Africa News Roundup: Celebrations in Little Senegal, Drought and War in Mali, Guinea’s Army, Sudan Talks, and More

In New York City’s Little Senegal, support for President-elect Macky Sall was strong in last week’s elections, and celebration at his win has been equally pronounced.

An Oxfam press release from yesterday:

Growing insecurity in Mali and northern Nigeria is disrupting the supply of food to communities suffering from a major food crisis affecting 13 million people in West Africa, said international aid agency Oxfam today.

The conflict in northern Mali, one of the driving factors of last week’s coup d’état and the temporary closure of borders, had already posed a major risk to vulnerable communities in Mali and the region. Now there are signs that the escalation in the country’s instability is further affecting the already serious food insecurity across West Africa, meaning a rapid increase in humanitarian assistance to the region is urgently needed.

Meanwhile, rebels in northern Mali yesterday captured the town of Kidal (map), one of the three “capitals” of Azawad, the nation the rebels say they want to slice out of Mali. The other two capitals, Gao and Timbuktu, lie further south. Leader of the recent coup in Mali Captain Amadou Sanogo appealed for international help against the rebels, but his regime faces the withdrawal of US aid and the threat, by the Economic Community of West African States, to close the country’s borders. The Nigerian Senate, meanwhile, “is pushing for military action against Malian coup plotters.”

In other Nigeria news, two teams of suspected Boko Haram members attacked a police station and a bank yesterday in the northeast.

Jeune Afrique (French) on the re-organization of Guinea’s army under the new civilian regime. Guinea experienced a military coup in late 2008, but returned to civilian control in late 2010.

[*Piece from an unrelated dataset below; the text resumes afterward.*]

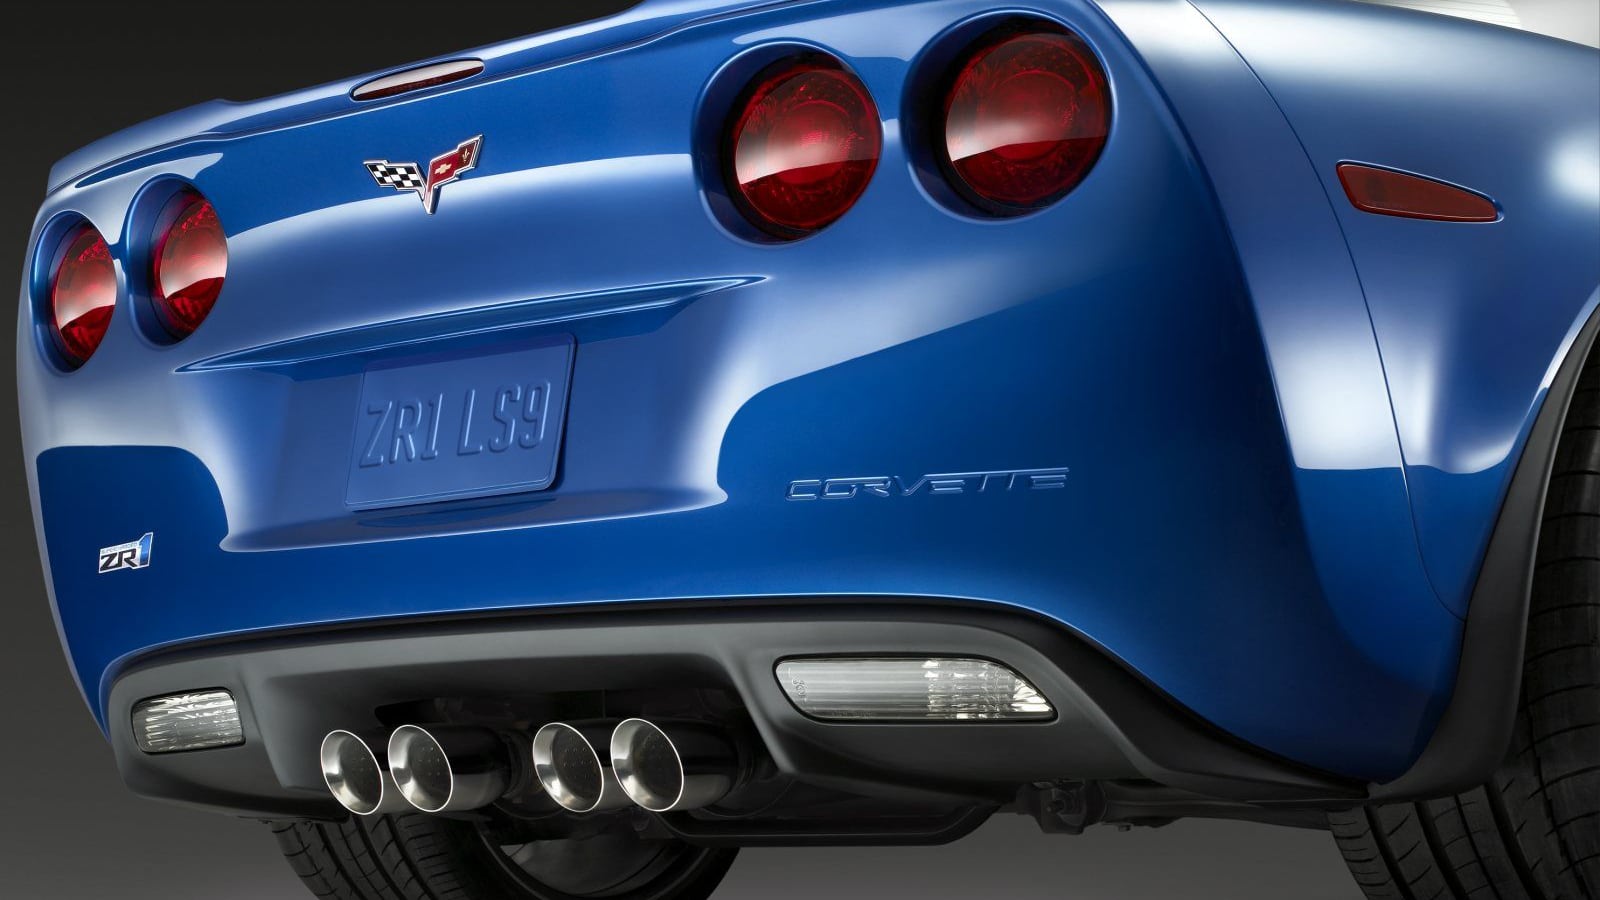 Corvette ZR1 rear end

Somaliland is suffering a serious drought.

Further south, southern Somali rebel movement al Shabab continues to lose territory to the government and its allies.

Following a border clash between the two nations this week, Sudan and South Sudan are set to hold more talks today on final status issues such as oil revenue sharing. Yesterday, rebels in Sudan’s South Kordofan State reportedly began new attacks.

What else is going today?

3 thoughts on “Africa News Roundup: Celebrations in Little Senegal, Drought and War in Mali, Guinea’s Army, Sudan Talks, and More

  1. I’m in Zinder, Niger this weekend and the whole town is talking about the arrest of 6 men associated with Boko Harem who were caught in a local hotel while pursuing an arms deal. They’ve been taken to Niamey. Police and military presence is high in town.

    What no one knows is what, if anything, was being planned by Boko Harem for Niger. Niger’s new petroleum refinery is just 20km away. Easter will be in a week and authorities in Zinder placed armed police outside all churches for Christmas. Or was Zinder simply seen as a “safe” place for the deal?

    • Thanks for relating this news. IRIN has written about arrests of Boko Haram suspects in Diffa, and rumors of a Boko Haram presence in Niger have spread following the border closures/expulsions of non-Nigerians that have been going on in recent months, but I don’t have much insight into Boko Haram’s ambitions, or lack thereof, for Niger.

  2. It’ll be interesting to see if the Taureg advances either force Mali society to accept a military government or if this is a rare case where separatists win outright military victories and create a pseudo-nation.